I will, I promised, but she was gone. And I was left sitting in my chair, my head aching from the Skill as it had not in many a year. My uncle Verity had once said of my father that being Skilled by him was like being trampled by a horse. He was strong with it; he charged into his brother’s mind, dumped his information, and left. I now thought I understood what he had meant. My candles had burned down to stubs before I felt completely like myself. Nettle had planted a foreign thought in my mind. Bee was jealous? I spent that time pondering why on earth Bee would feel jealous of Shun. When I thought I had the answer, I resolved to call in Revel early the next day and remedy all.
Chapter Twenty-Two
Perseverance
Safely arrived at Withywoods with my charge. This Lady Shun is perhaps the most awkward task Lord Chade has ever assigned to me. Daily I am grateful that you are nothing like her. Bee is, as you warned me, a strange little girl. I do not see any signs that your father neglects her. In fact, they seem remarkably close and (blotted area).

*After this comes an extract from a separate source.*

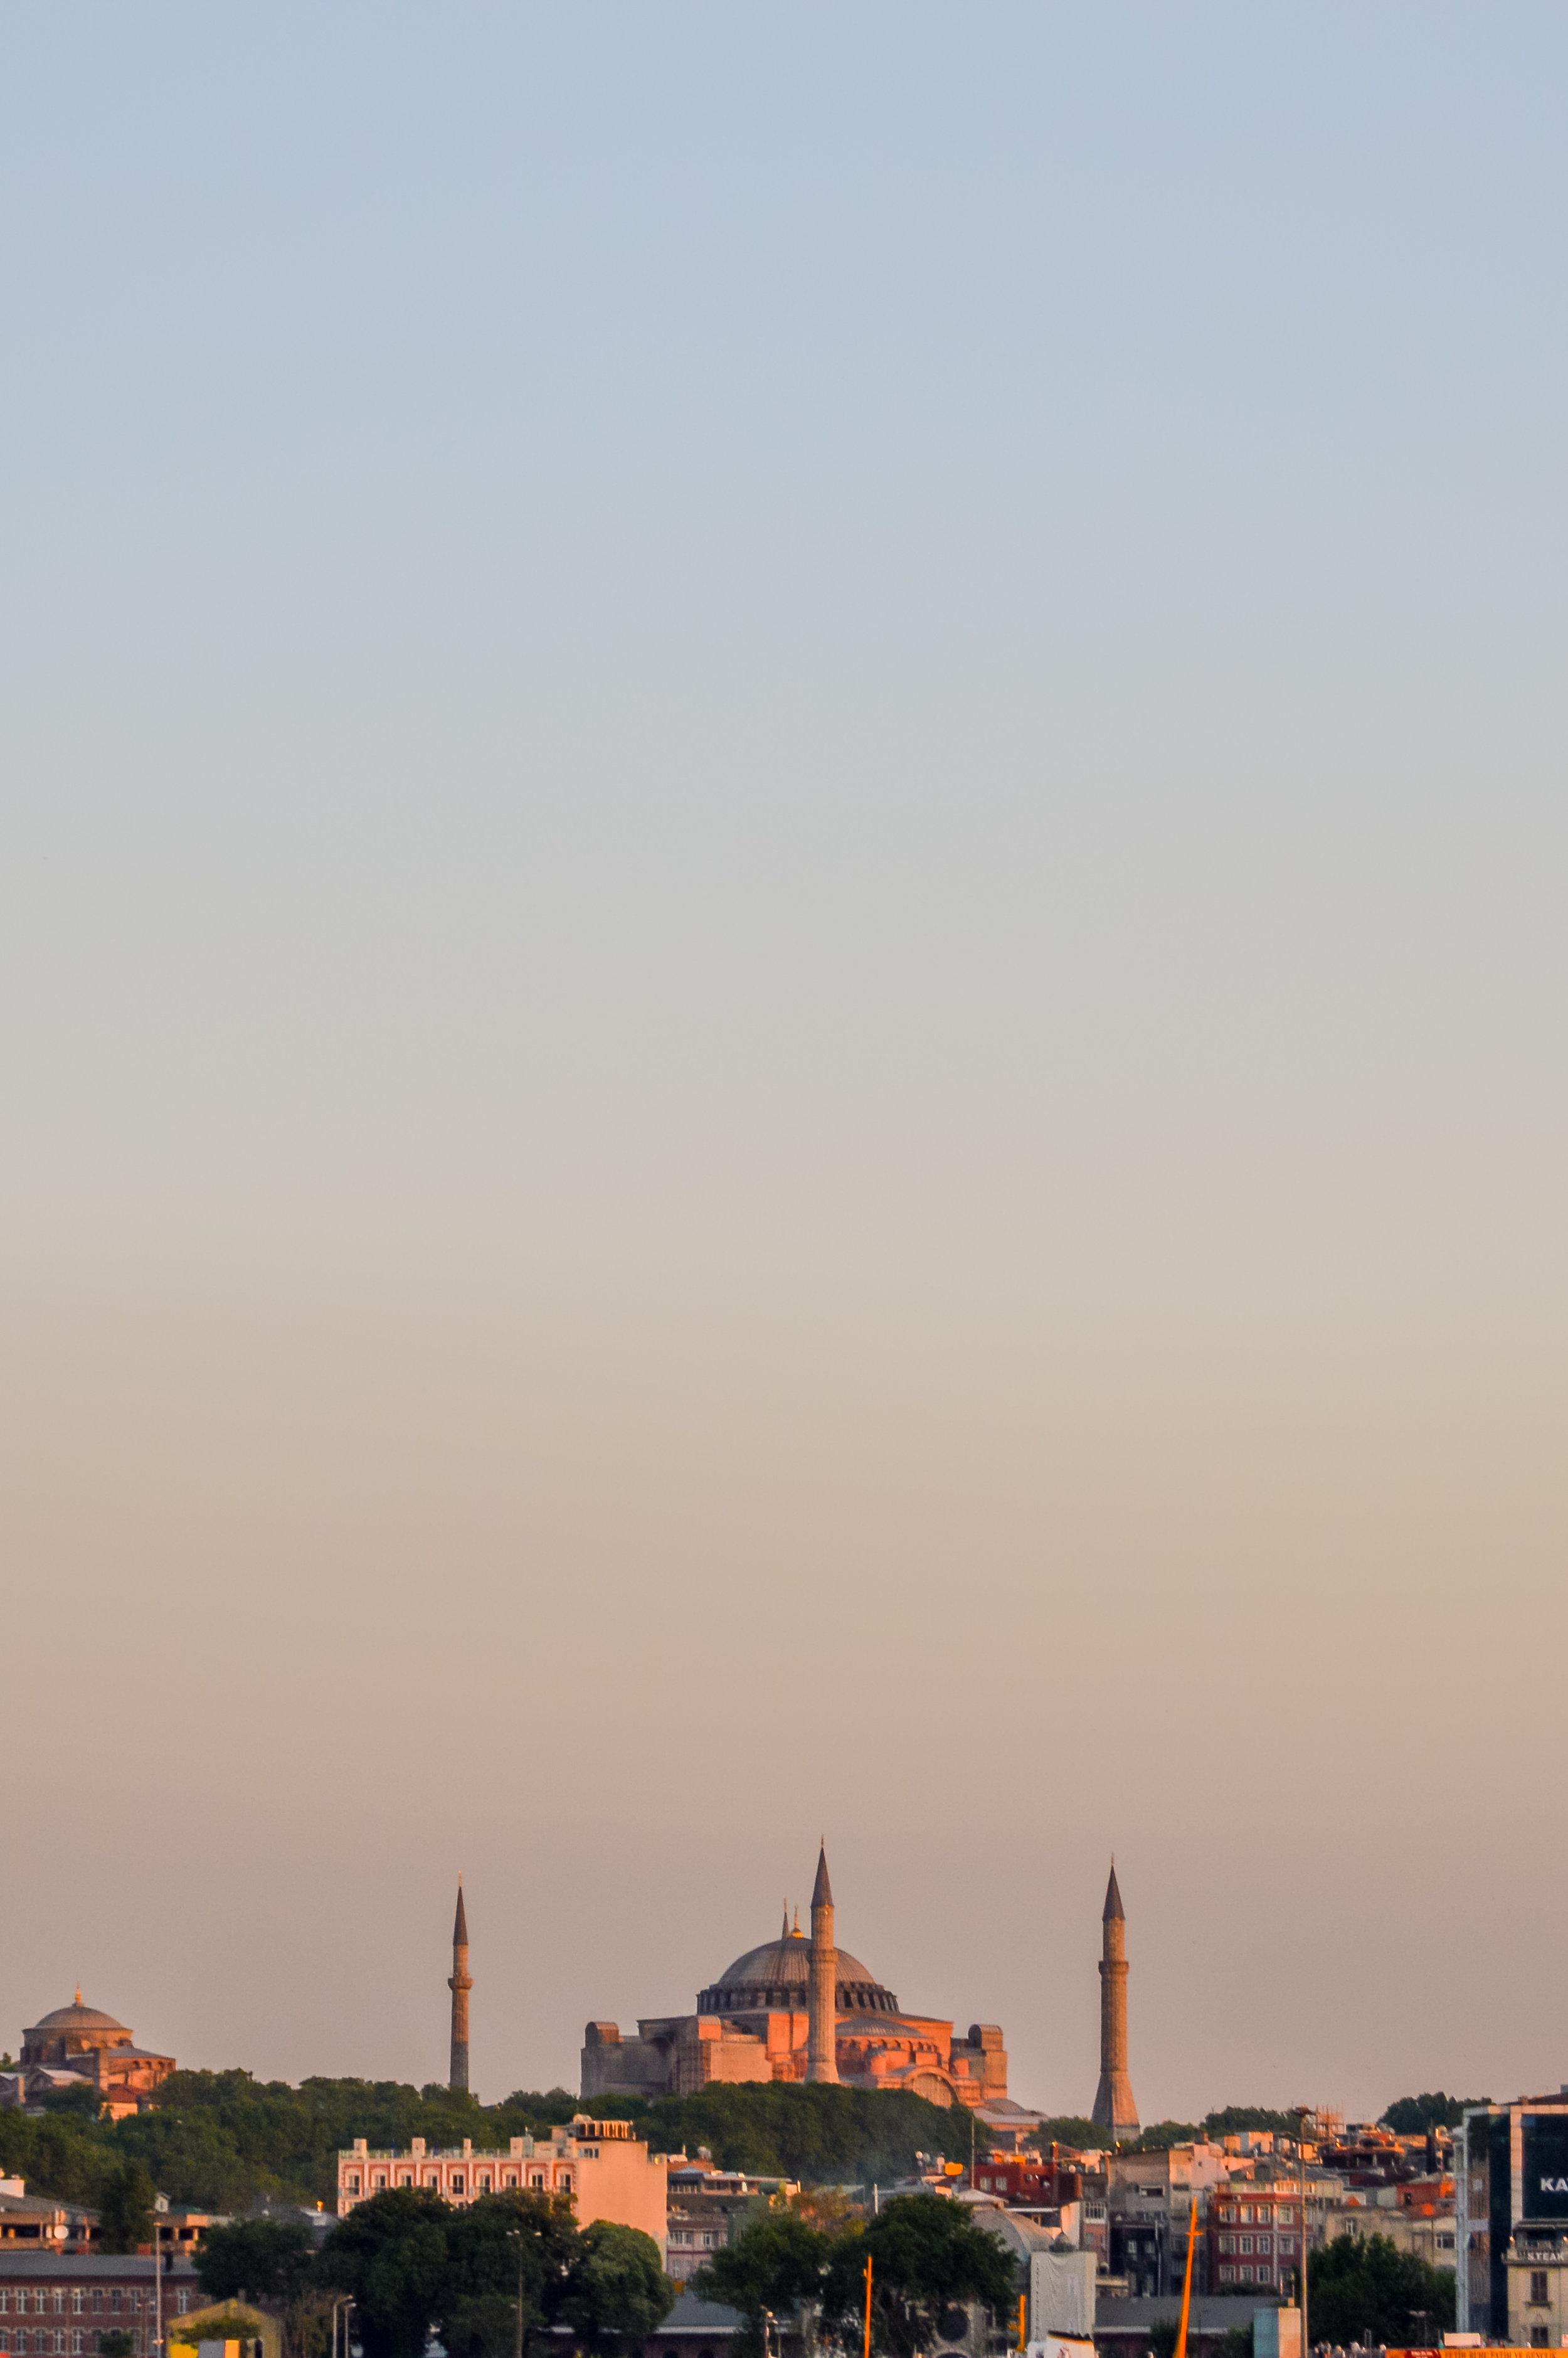 Hagia Sophia Mosque Minaret Sunset Blue Sky Muslim Ottoman Empire Architecture Istanbul Turkey

I will watch, as I have promised you, and answer true what I think is (obscured by blotch). I could write so much more to you, my dear, but there is small space for this pigeon to carry my words. And in truth, you would already know much of what I would say.
Discarded pigeon message scroll
Shun’s constant whining to have things changed to suit her kept both my father and Riddle busy for those days. My promised lessons in riding did not materialize. By the time I had returned from my walk that morning, Riddle had driven Lady Shun to town in the two-wheeled cart so that she might see what sorts of fabric were available in the market and buy new blankets. It was small comfort to me that the cart jolted and bumped on the icy ruts in the road, and that I knew she would be disappointed in what she found. She had succeeded in snatching Riddle away and having him to herself. I found I was jealous of that, not on my own behalf, but for my sister. I knew that in some way Riddle belonged to Nettle, and I did not like to see Shun making free with his time. If anyone recalled that I had been promised riding lessons, no one mentioned it. And when Riddle and Shun returned, they were dispatched almost immediately on a much grander journey to buy so many things that my father sent two wagons with them. No one thought to ask me if I might like to go along or if there was anything I might want bought at a market town.